İlerlemiş yaşına rağmen yakınlarda girdiği seçimlerde zafer
kazanan Mahatir Muhammed'i hatırlayan vardır.
Mahatir, ülkesi Malezya'yı 1997 Asya krizinin pençesinden, IMF
reçetesi olmadan çıkaracağını söylediğinde imkânsızın peşinden
koşmakla eleştirilmişti. Siyasi popülaritesi o yıllarda yüksek olan
Mahatir Muhammed, IMF'siz kriz yönetimini başararak, ilham kaynağı
oldu.
Türkiye ise 1999 sonunda temelleri atılan, 2000 başında devreye
giren ve 2001 Şubat'ında hem de IMF kontrolünde iken krizle
sonuçlanan acı tecrübeden sonra, 2002'den itibaren farklı bir çaba
sergiledi.
2002-2008 arasında AK Parti iktidarı, IMF ile çalışmak zorunda
kaldı. Fon'un, insanı göz ardı eden katı politikalarına karşı
Türkiye, sosyal programları ve büyüme odaklı yaklaşımları ön plana
çıkarmayı başardı. 10 yıl önce (2008) Stand-By defterini kapatan
Ankara, 5 yıl önce de (2013) IMF'ye olan borcun tamamını ödedi.
Piyasa dediğimiz, küresel para akışını yöneten merkezler, bilek güreşi yapmayı da bilek bükmeyi de severler.
Dışa açık ekonomilerde, iç tasarrufların yeterli olmadığı durumlarda, piyasaların beklentilerini siyasi iktidarlara dayatmaları bilinen bir gerçektir.
Tıpkı bugün Türkiye'de yaşandığı gibi. Sığ piyasada kurları tetikle, dış kaynak girişini azalt, merkez bankasını "faiz şoku vermeye" zorla! *** Cumhurbaşkanı Erdoğan'ın, iç ve dış zorlamalara yönelik tavrını cümle âlem biliyor. Diklenmeden dik durmak.
Böyle türbülans anlarında Cumhurbaşkanı, istişareye her zamankinden daha fazla önem veriyor, hatta bazen içine sinmese de esnek kararlar alabiliyor. Bugün, sade vatandaşın günlük hayatına da tesir eden kur hareketlenmesinden türeyen yığınla söylemle karşı karşıyayız.

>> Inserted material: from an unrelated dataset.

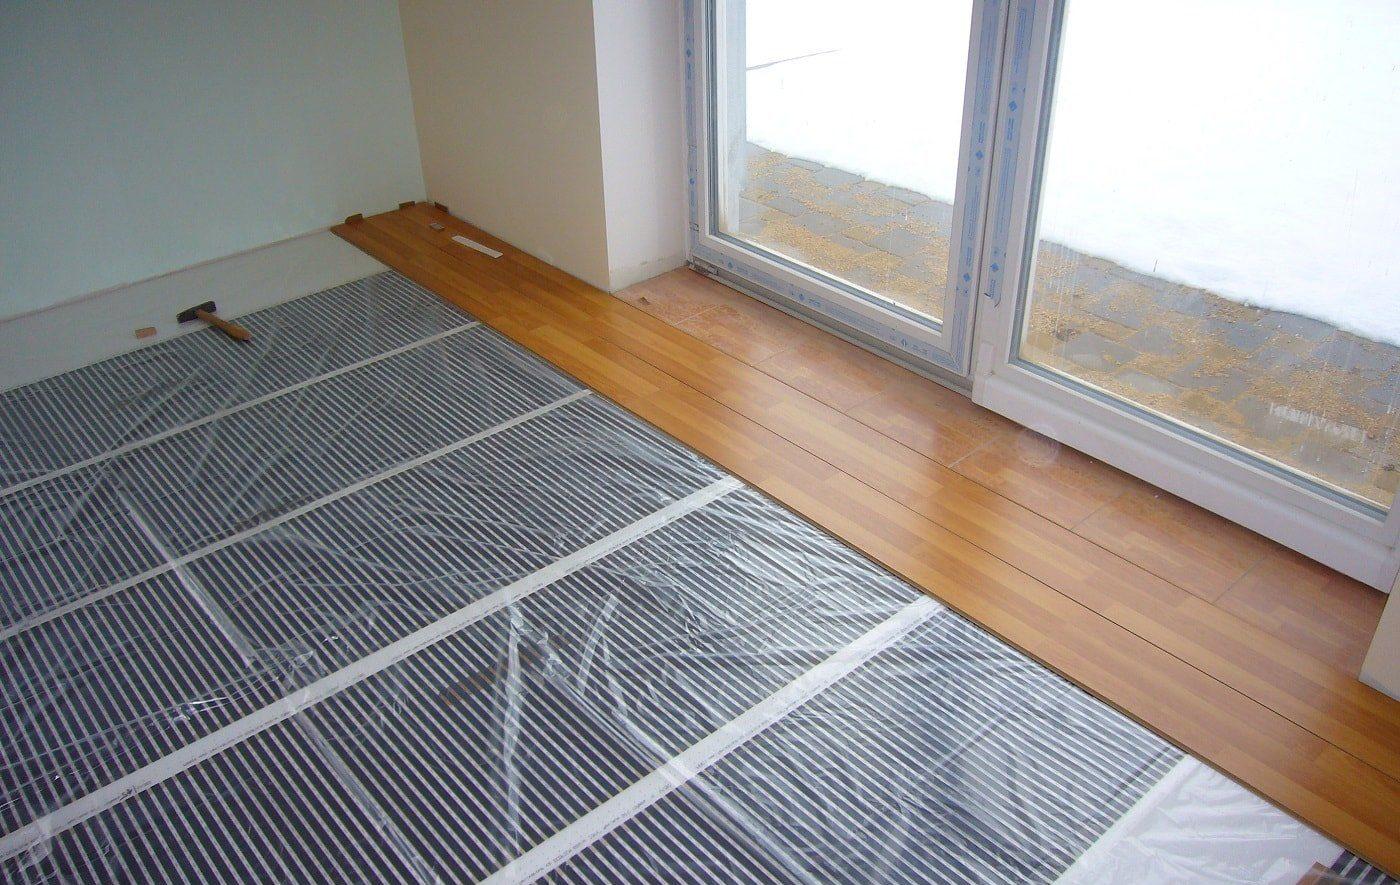 Как укладывать ламинат на теплый пол?

Olgudan çok algının ağır bastığı böyle durumlarda, ekonomiyi "psikolojik faktörler" belirliyor.
ABD'de para ile ilgili kuruluşların çoğunda psikolog istihdam edilmesi de bu açıdan şaşırtıcı değil. Seçime kadar geçecek 33 günü "piyasayı gözeterek ama piyasa dayatmasına teslim olmadan ve rasyonel önlem almaktan çekinmeden" tamamlamalıyız.

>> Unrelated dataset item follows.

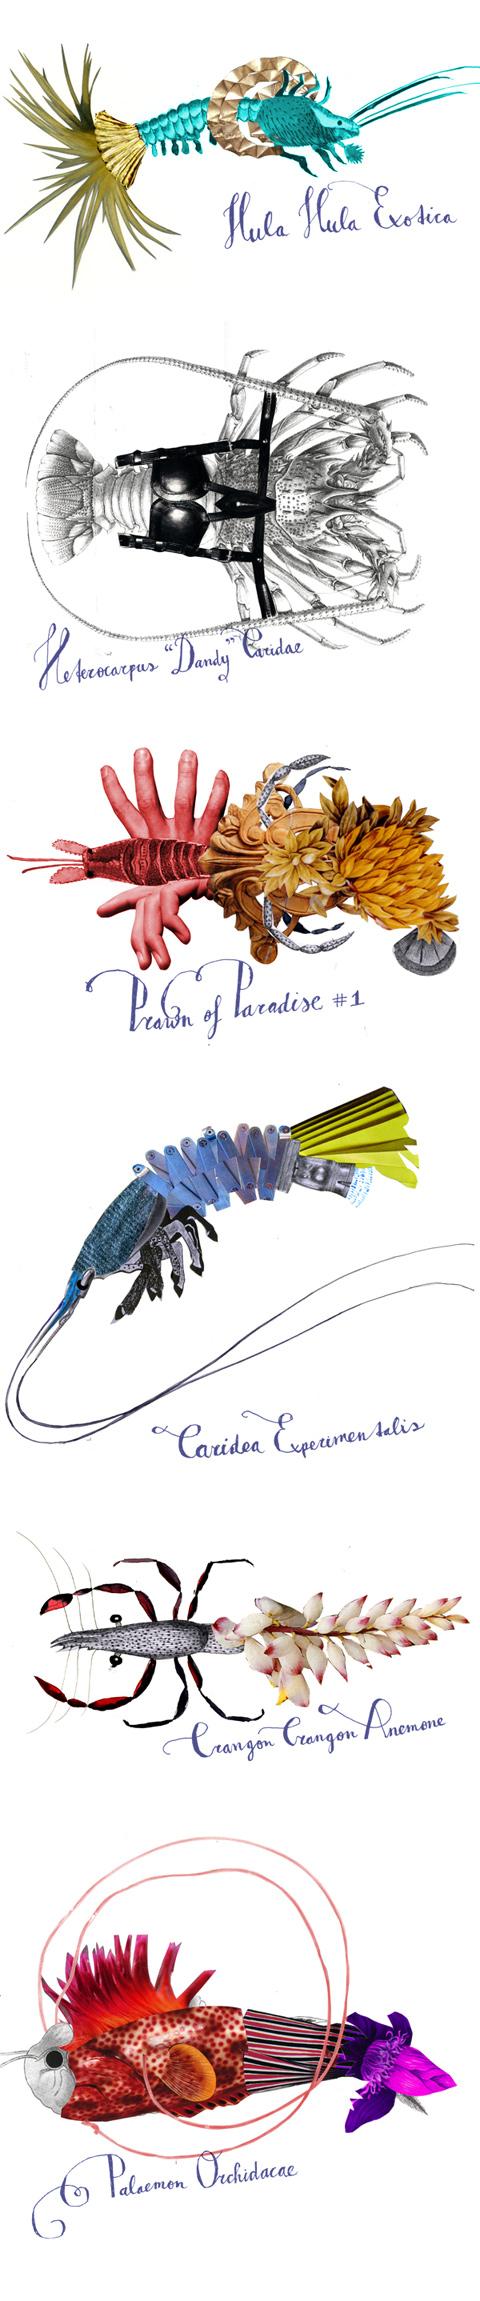 HardHoofd_crustacea-tropicana

Seçimin ardından, Cumhurbaşkanı Erdoğan'ın, siyasi doktrinine uygun bir ekonomik program yazılması ya da mevcut programın seçimin galibinin siyasi tercihlerine göre düzenlenmesi mutlak gereklilik.
"Faiz-Enflasyon ilişkisini", "Yerli para ile dış ticareti", "Altına dayalı rezerv yönetimini" mevcut program altında hayata geçirmekte güçlük çekiyorsak, dünyaya anlatacak ve piyasaları ikna yeni bir programa ihtiyaç var demektir.
Özetle... Türkiye'nin seçimi, ekonomide de bugünkü operasyonlara karşı dik duracak yeni ekiplerin, yeni tercihlerin, yeni reçetelerin seçimi olacak.
Ve son nokta...
AK Parti'nin dün açıklanan milletvekili listeleri, 300'ün üzerinde vekil hedeflendiğini, ekonomi ile ilgili takımın veya anlayışın değişeceğini, sadakat-liyakat dengesinin kurulduğunu gösteriyor.